Уж и работать далее не смог. Домой пошел. А в груди – музыка. Сел на стул – ноги дрожат. Бросился на кровать – лежать глупо, бездарно! Снова выскочил на улицу. Поглядел окрест – музыка, музыка разлита по вселенной.
Город – музыка. Облака, летящие над Невой, – музыка. Орган. Как же прекрасно жить на белом свете!
Прибежал к Савенкову. Тот, прихлебывая чай, что-то переписывал в тетрадь.
– Здравствуй, Васнецов! Послушай, какая прелесть! У меня слезы на глазах выступают от счастья, когда читаю.
И тотчас начал декламировать:
Из монастыря да из Боголюбова
Идет старец Игренища,
Игренища-Кологренища,
А и ходит он по монастырю,
Просит честныя милостыни,
А чем бы старцу душа спасти,
Душа спасти, душа спасти, ее в рай спусти.

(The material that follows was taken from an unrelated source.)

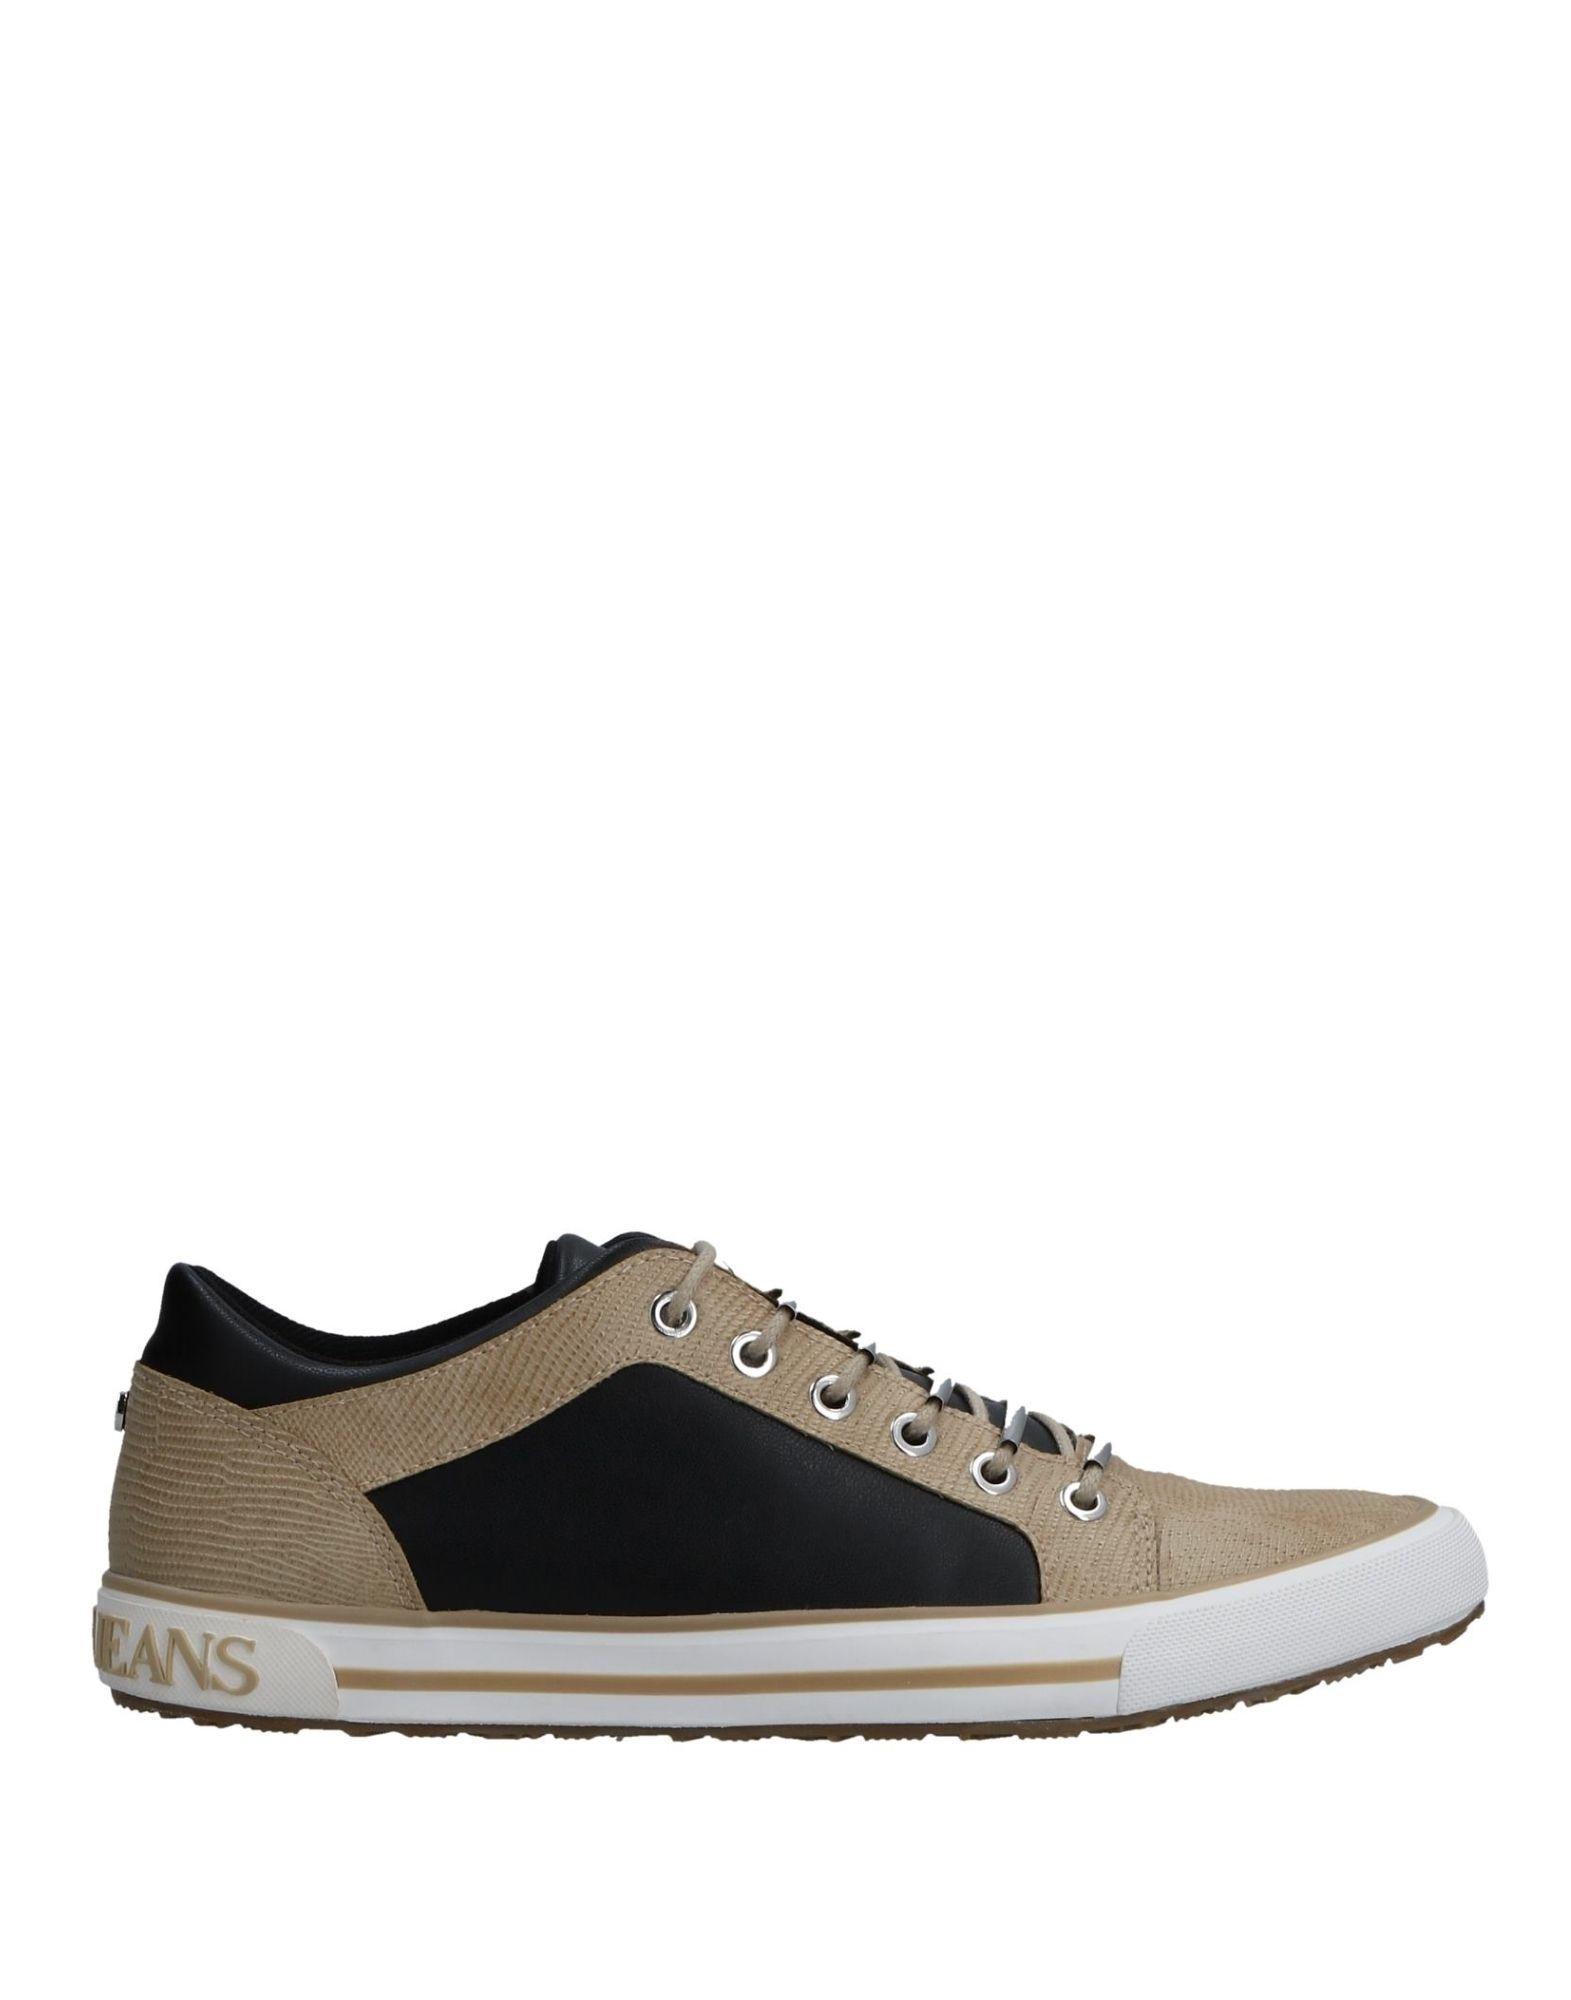 Armani Jeans Sneakers Damen  11527249UL Gute Qualität beliebte Schuhe

Ну, это зачин, а вот дальше слушай:
Пришел-та старец под окошечко
К человеку к тому богатому,
Просил честную он милостыню,
Просил редечки горькия,
Просил он капусты болыя,
А третьи – свеклы красныя.
Васнецов слушал про Игренищу, а думал свое: встал перед глазами богатырь на коне. Что он, богатырь-то, делать должен? Границу озирать, нет ли где нашествия. Стало быть, в рукавицу глядит.
А Савенков – само счастье. Былинка и впрямь презанятная. Вынесла редьки, капустки да свеклы старцу девушка, ее-то он и прихватил в мешок.

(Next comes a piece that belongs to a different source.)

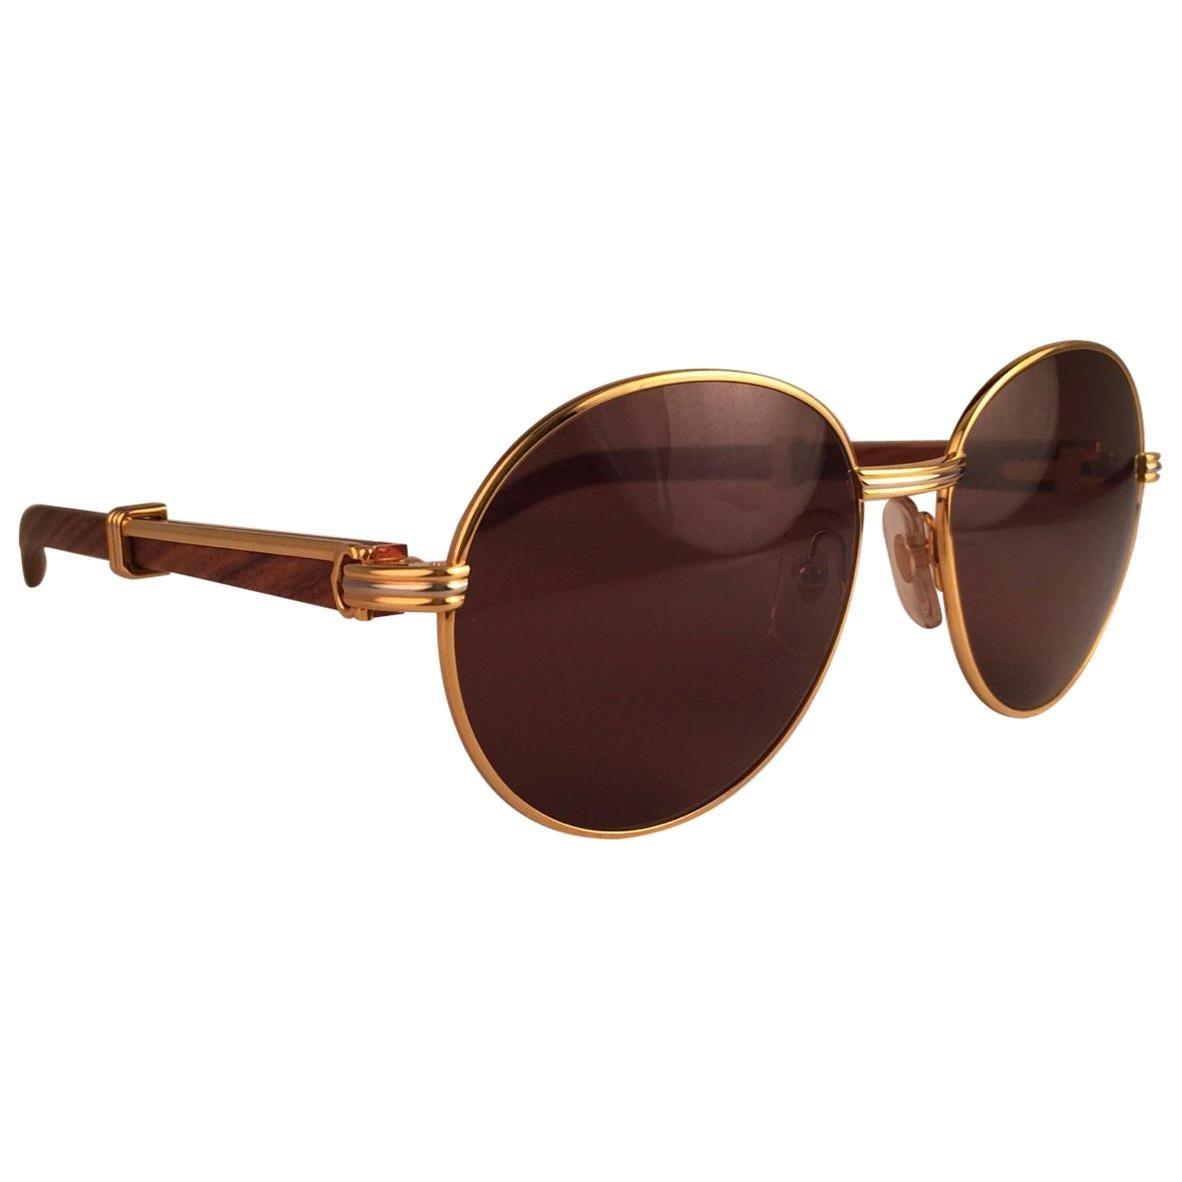 c8dbdabfbca Vintage and Designer Sunglasses - 1

– Васнецов! – воскликнул студент в отчаянье. – Ты, я вижу, куда-то уплыл. Ну, послушай, милый, послушай, как же это все удивительно:
И увидели ево ребята десятильниковы,
И бросалися ребята оне ко старцу,
Хватали они шилья сапожныя,
А и тыкали у старца во шелковай мешок:
Горька редька рыхнула,
Белая капуста крикнула,
Из красной свеклы рассол пошел.
– Прекрасно! – Васнецов вскочил, поднял Савенкова, поцеловал в сияющие глаза. – Спасибо тебе! Ах, спасибо!
И убежал.
Дома – за лист бумаги. Сначала пером, потом акварелькой. И вот он – богатырь. Первый васнецовский богатырь. Витязь могуч, конь тяжел – серьезная сторона, где этакая застава.

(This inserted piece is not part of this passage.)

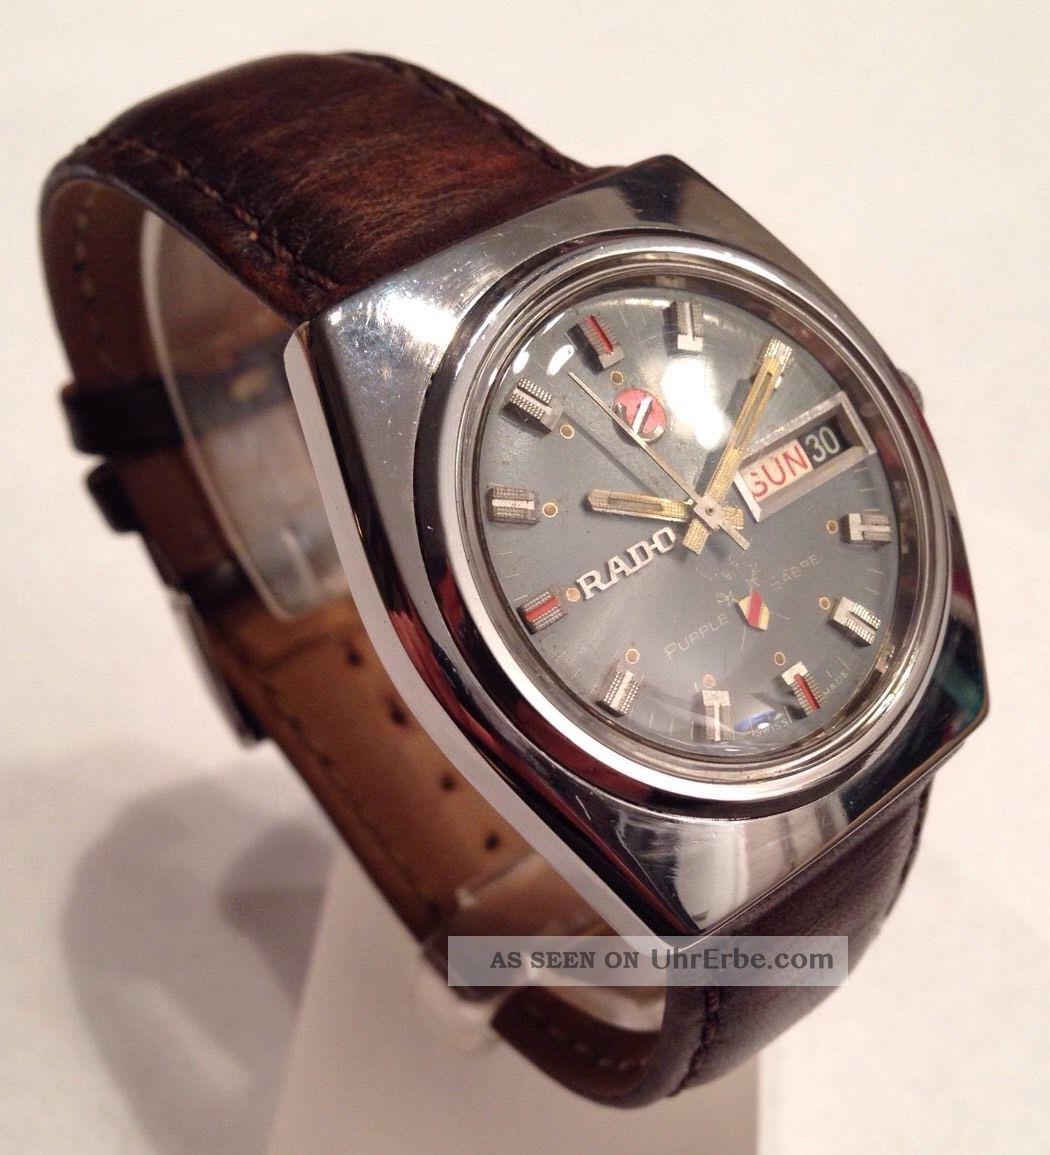 Rado Purple Sabre Automatik Tages - Datumsanzeige Generalüberholt Armbanduhren Bild

И сразу покойно на душе сделалось. Удивительно покойно, словно домой воротился.
Подумалось:
"А все Чистяков".
В конце жизни Виктор Михайлович скажет биографу о своей первой встрече с Павлом Петровичем:
"Это было для меня как бы благословением отца. Он окрылил меня, влил силы и убежденность. Он научил понимать назначение художников и деликатнейшим, проникновенным образом указал, поощрил мою дорогу в искусстве. Благословил на нее. Спасибо ему за это чрезвычайное!"
Январь. Зима вовсю раскатилась по матушке-России, а в Петербурге слякоть. С неба то дождь, то хлесткая отвратительная крупа, то снег ошметками, мокрый, тяжелый. Тоска.
Но тосковать времени нет. Из Академии на урок, с урока в литографию, в редакции.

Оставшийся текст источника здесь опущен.